Добавить в цитаты Настройки чтения

Страница 149 из 164

— Нисколько! Он чистейшей души человек, Wally, и он очень несчастлив.

— Гора с плеч! — воскликнул Федюков. — Баронесса, то, что вы проявили по отношению ко мне, навсегда останется у меня здесь!.. — Он хлопнул себя по груди, потом поцеловал руку баронессы и крепко пожал Валентину.

Баронесса с грустной нежностью посмотрела на него.

— Свободен и чист сердцем! — сказал он, размахнув рукой, с просветленным лицом.

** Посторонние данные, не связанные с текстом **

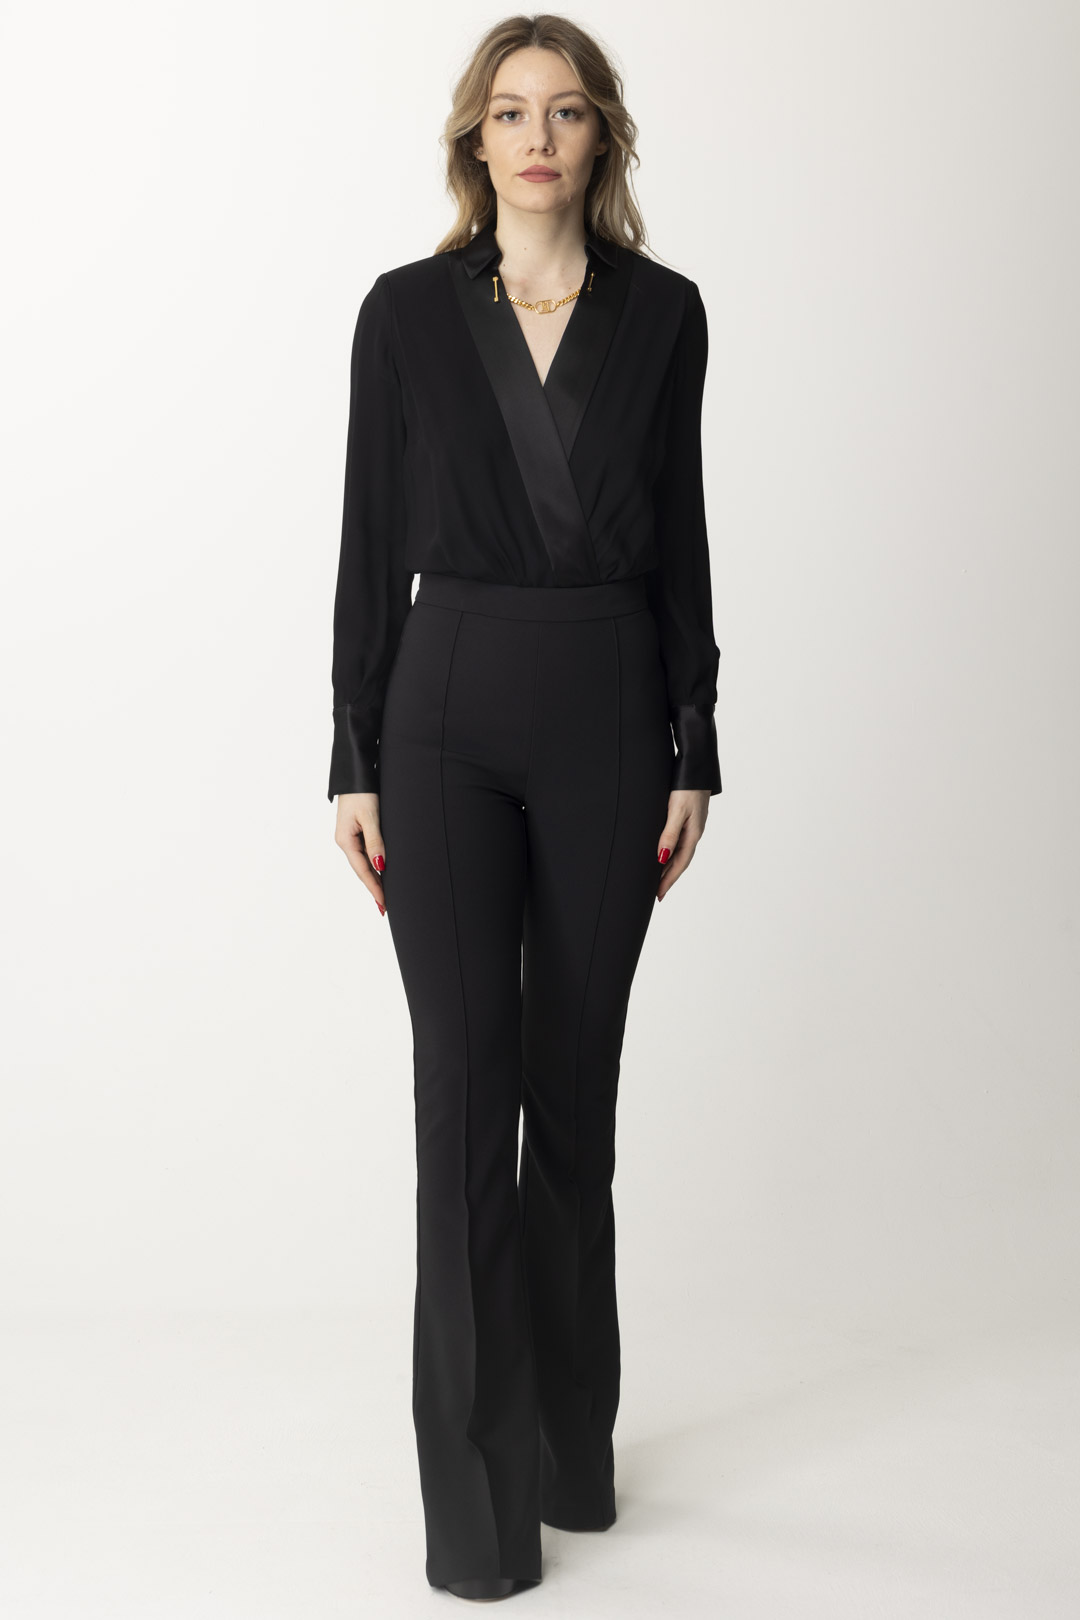 Preview: Elisabetta Franchi Combined Jumpsuit with Collar Accessory Nero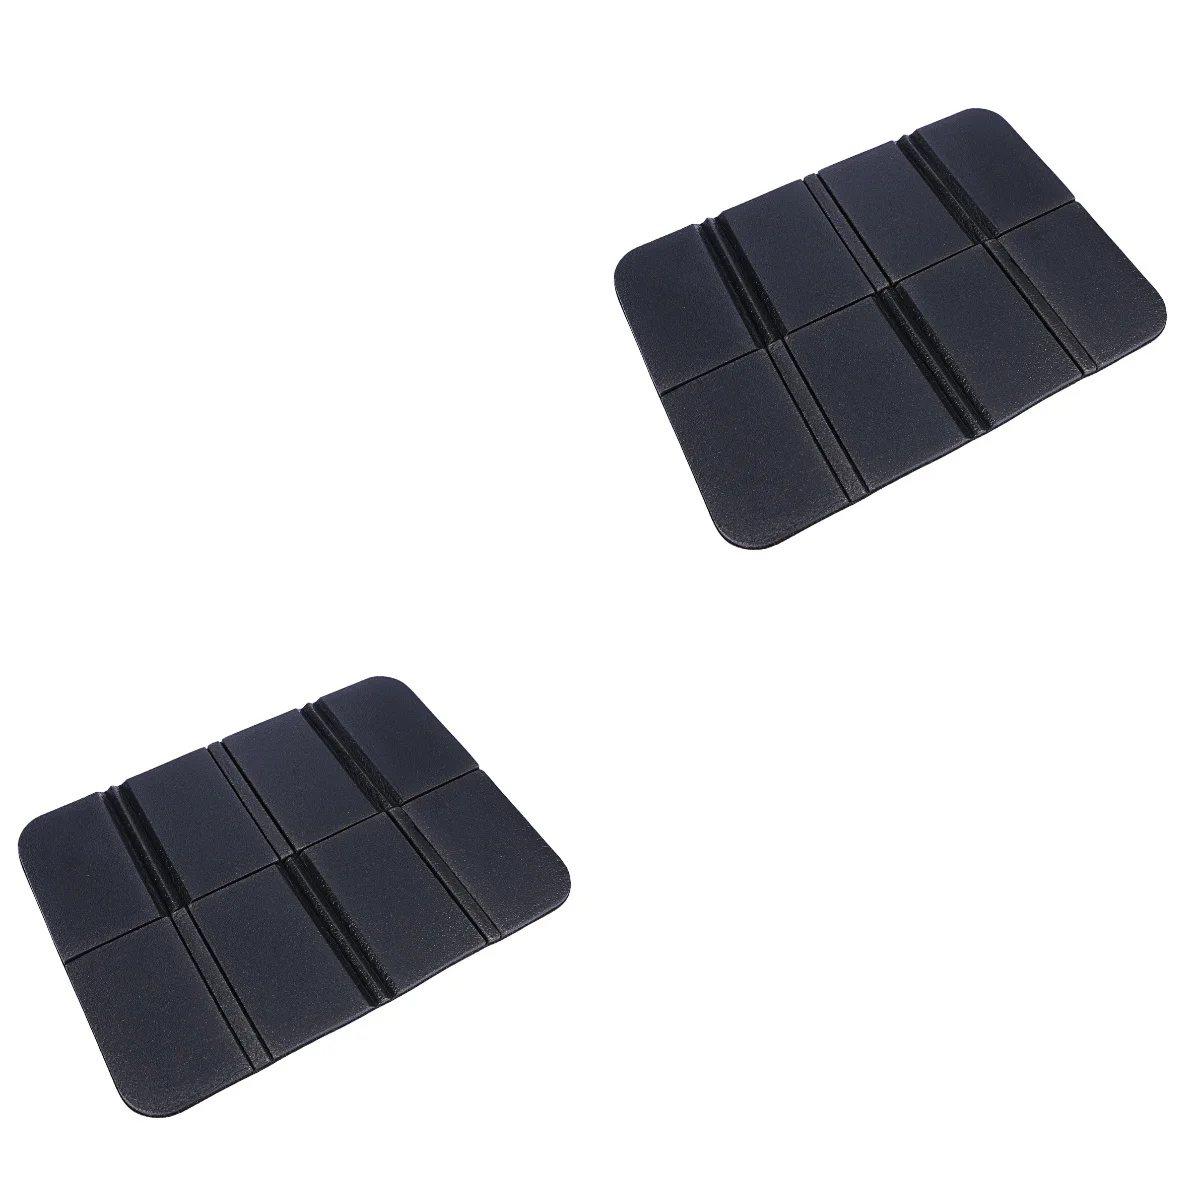 

2pcs Moisture-proof Folding XPE Pads Waterproof Sitting Mat Cushion for Outdoor Camping Park Picnic (Black)

Когда Валентин вошел в гостиную в сопровождении Нины и сиявшего Федюкова, все шумно приветствовали его возвращение. Поздравили с приездом, обнялись и расспросили, благополучно ли съездил и удалось ли то дело, ради которого он ездил.

Валентин сказал, что съездил благополучно и что дело его удалось.

И все перешли в столовую.

— Французов видел? — спросил Авенир.

— Видел, — сказал Валентин.

— Молодцы?…

— Да, народ хороший.

— Хороший народ, бойкий?… — переспросил Авенир, блестя глазами, загоревшимися было от оживления. Но сейчас же, вздохнув и откинувшись разочарованно на спинку стула, прибавил уже другим тоном: — А все-таки против нас не годятся.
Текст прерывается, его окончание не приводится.